There’s an enormous build-up, endless boring chat about the future and a few party poppers. Then it’s over, with just dark wintry evenings and uncertainty to look forward to.

For those in the legal world, we’ve got to experience this anticlimax twice over - once on 1 January and again two days later.

This was the moment when the Solicitors Regulation Authority finally got its hands on alternative business structures (ABSs), when Tesco law became a reality.

Only Tesco doesn’t want to be involved - not even, in its time-honoured way, with even a little helping. Five years of free advertising and they don’t even have the courtesy to take part. I guess we’ll have to find some other way of explaining ABSs to the masses.
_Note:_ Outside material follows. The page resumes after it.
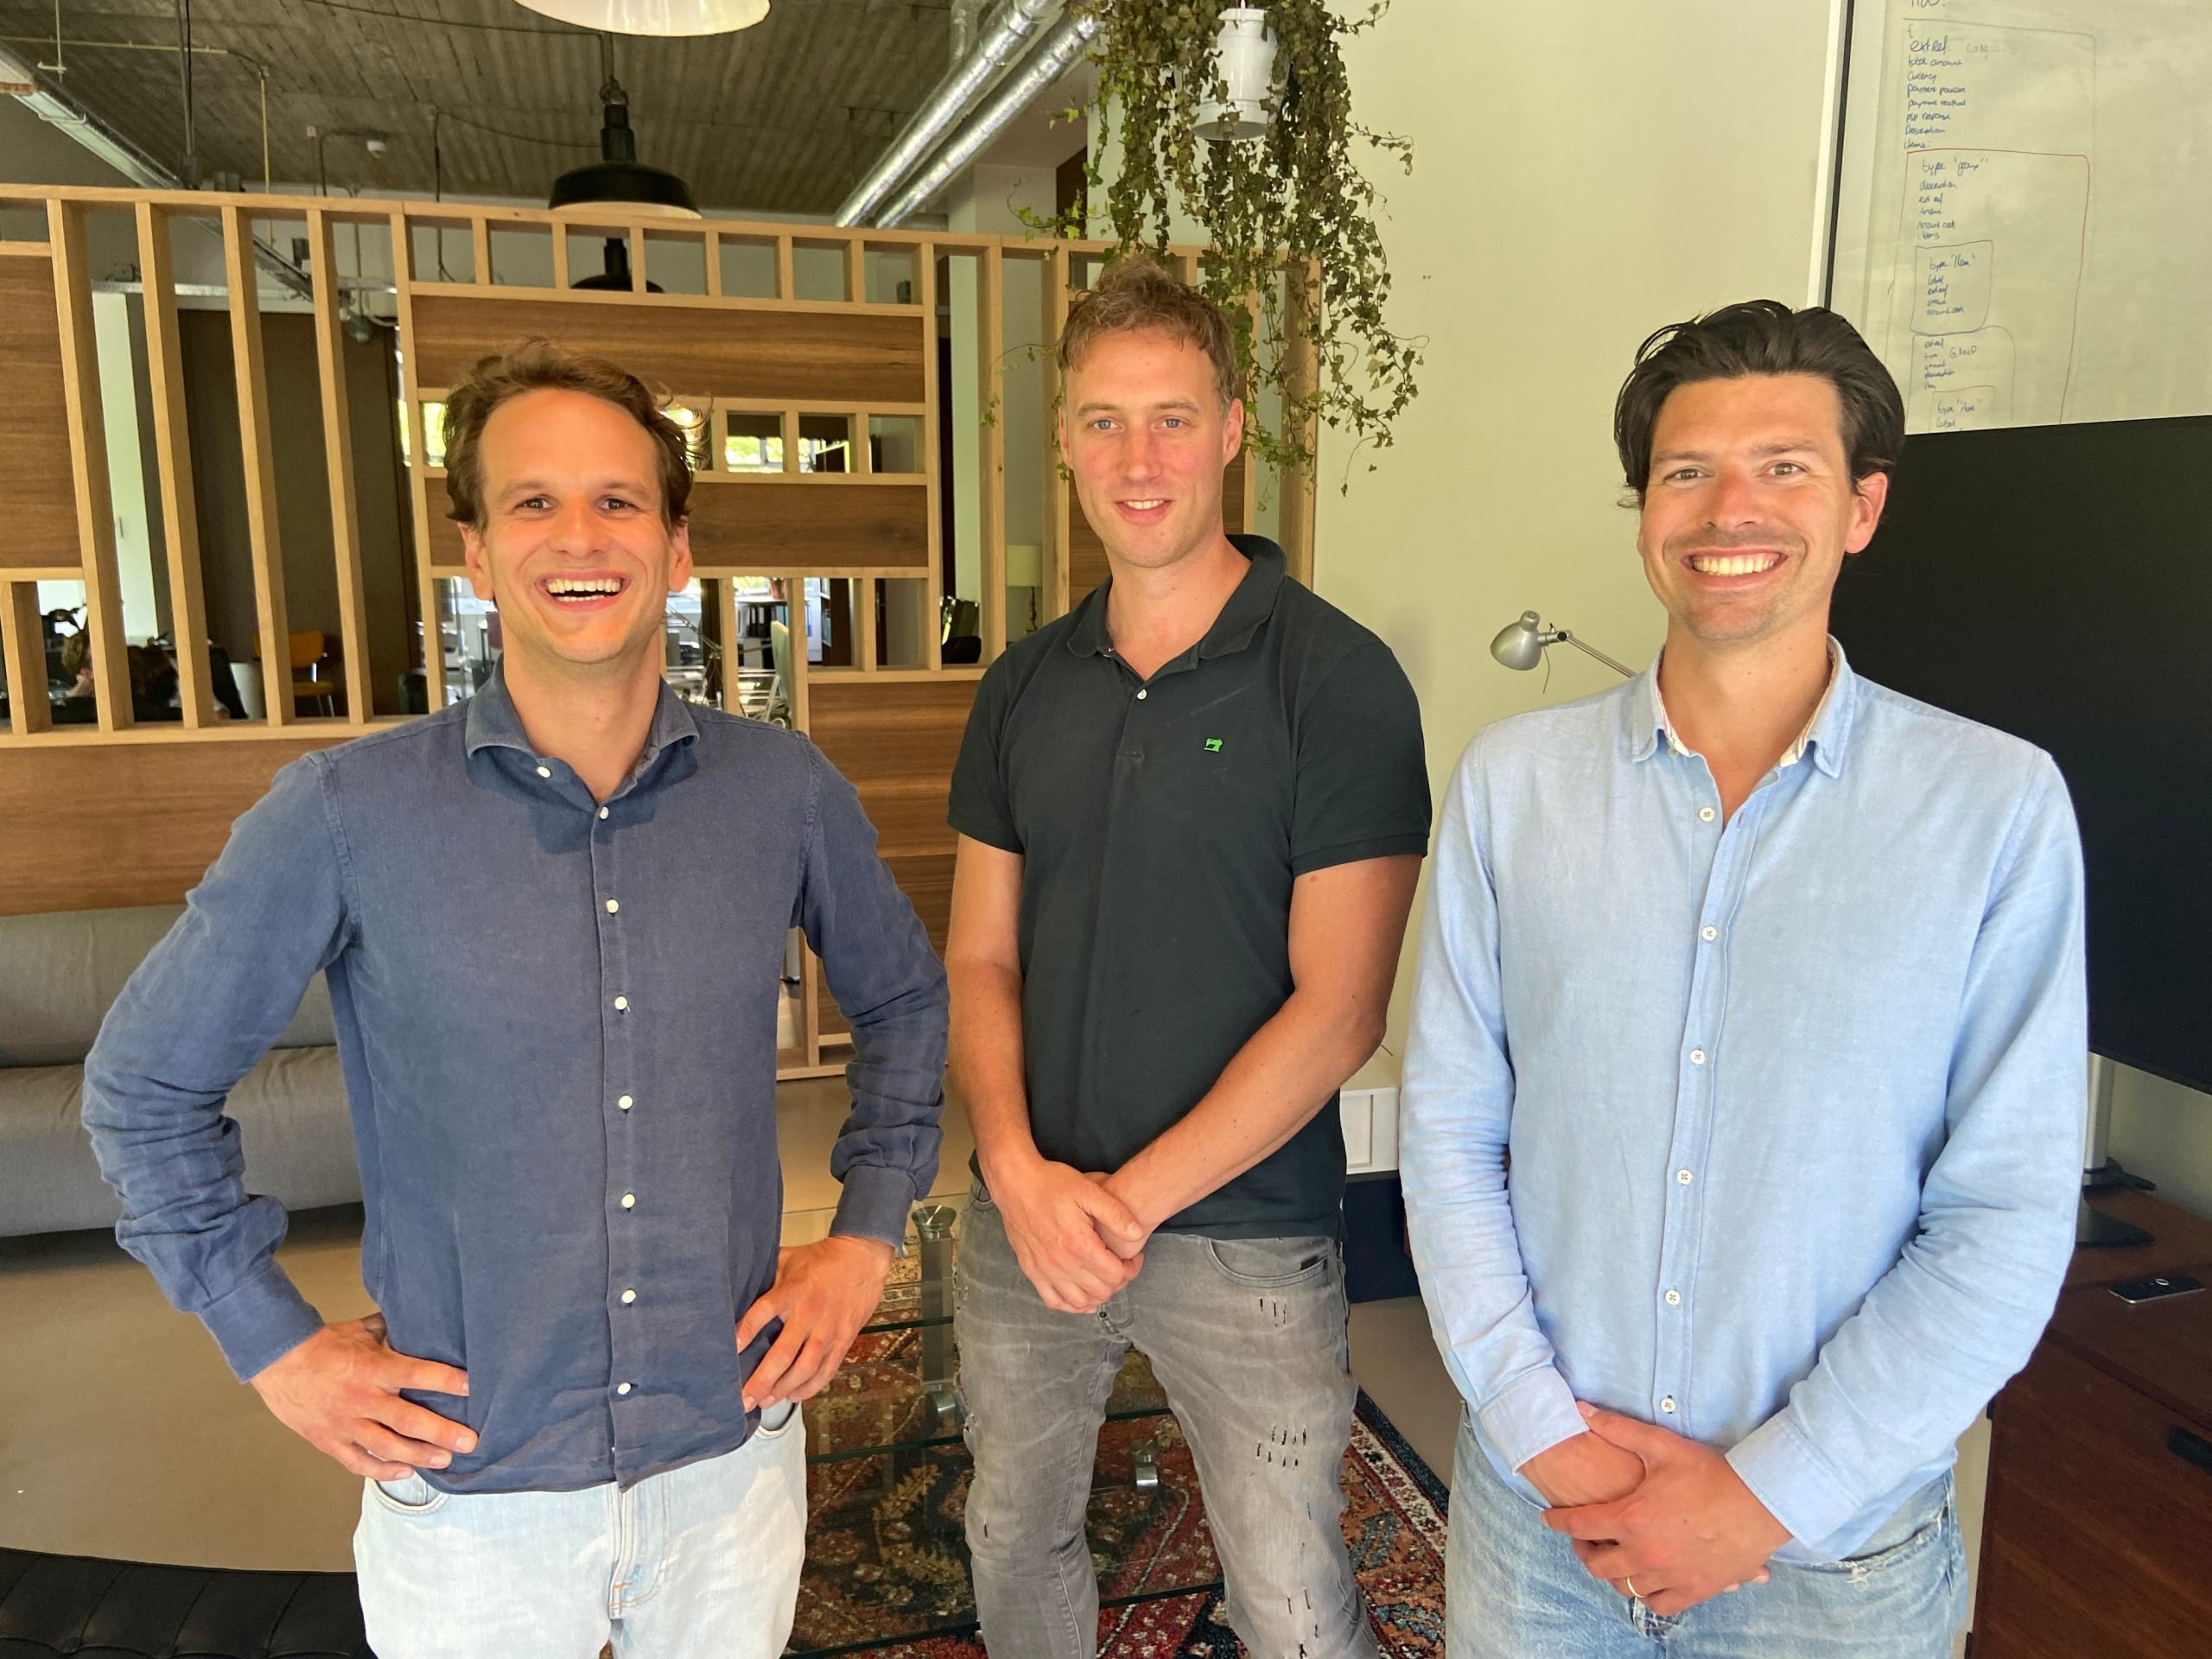 Het team van Payaut: Ernst van Niekerk (CEO), Gillis Haasnoot (CTO) en Pieter de Haas (CCO).

In fact, the advent of ABSs has felt like a party with hardly any guests. The AA and Saga are holding fire, whilst there were no surprise announcements waiting in my inbox yesterday morning: either a company PR missed an easy opportunity or businesses are more cautious about the brave new world than we imagined.
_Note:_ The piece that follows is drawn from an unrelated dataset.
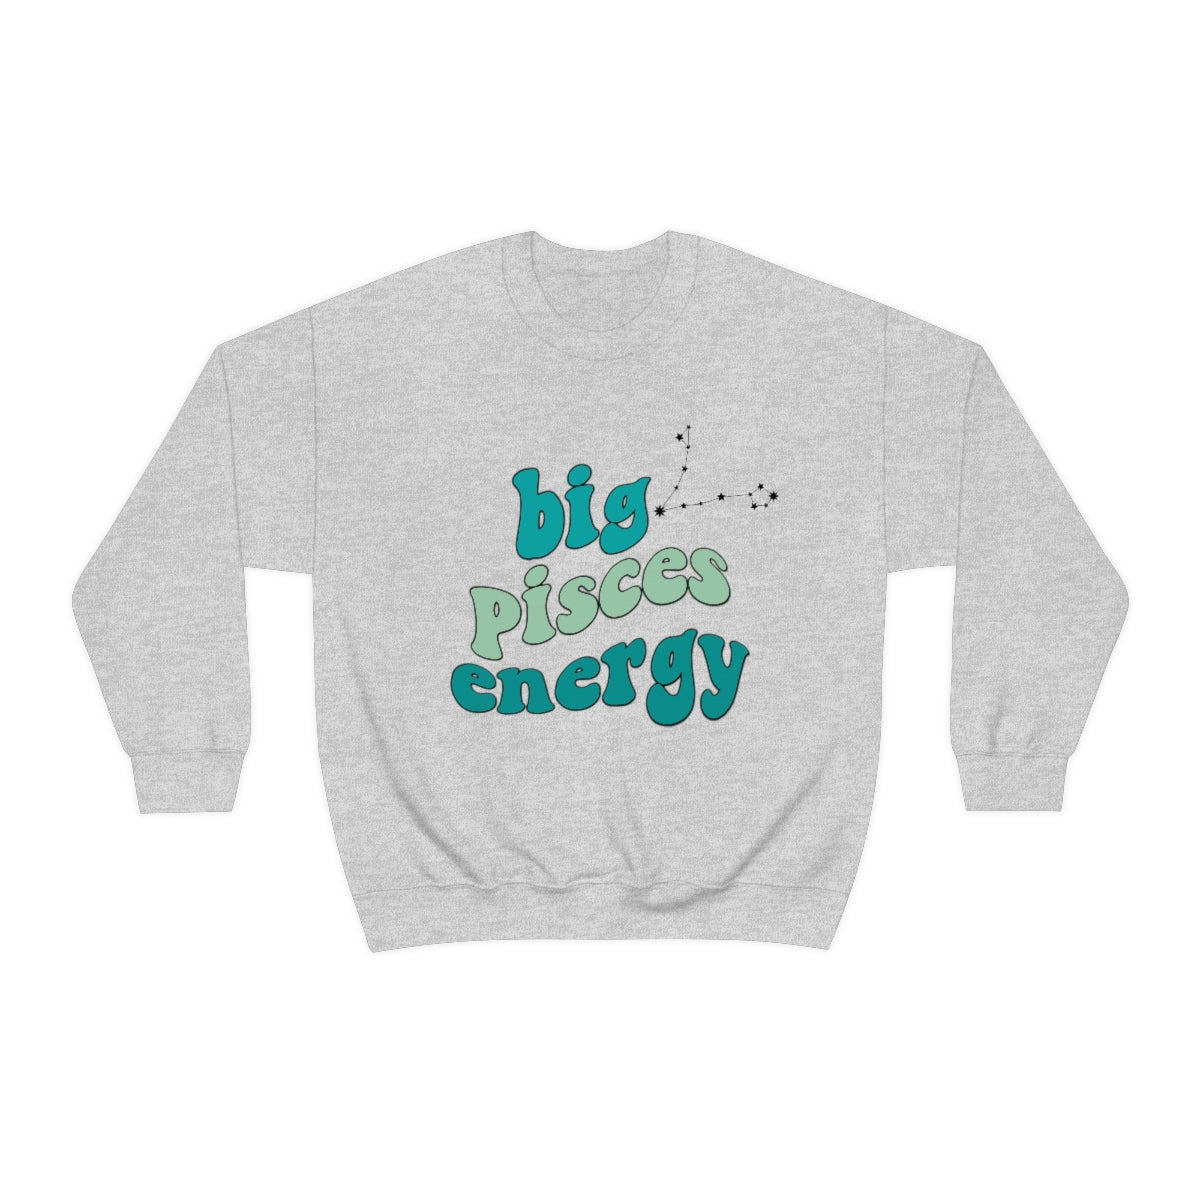 Pisces Sweatshirt, Big Pisces Energy Sweatshirt, Gift for Pisces, Astrology lover sweatshirt, Gift for Astrology Lover, Zodiac sweater

Co-op and Irwin Mitchell have arrived fashionably early, each eyeing up the buffet of the legal services market and posting their intention to apply. Indeed by 4pm on 3 January the SRA had received ‘more than 10 applications’ from prospective ABSs - hardly the kind of figure to send shock waves through the sector.

On the subject of the SRA, it will be fascinating to see how it responds to this challenge. The authority will now have to deal with alien organisations, with equity investors and listed companies. It will be scrutinised and openly doubted more than ever before.

There are many out there, not least those who regularly comment on the Gazette website, who will question whether the authority is up to the task.

We shall see. In its favour, it is making the right noises. This week’s authorisation was accompanied by pledges to execute ‘rigorous and robust’ regulation, on a par with that afforded to traditional law firms.

Those who predicted supermarkets and equity investors would get an easy ride will also be heartened to hear ABS licences could take nine months to secure. This lengthy process has ensured the expected big bang was nothing of the sort, more an administrative milestone.

But like every new year’s eve, one anticlimactic night is no indication of the dramas of the year to come. There are still important players looking to exploit the evolving legal market - and if they begin to make profits, expect a glut of new entrants to follow them.

Change is coming, albeit laboriously. The legal profession could still look radically different when we bring in 2013.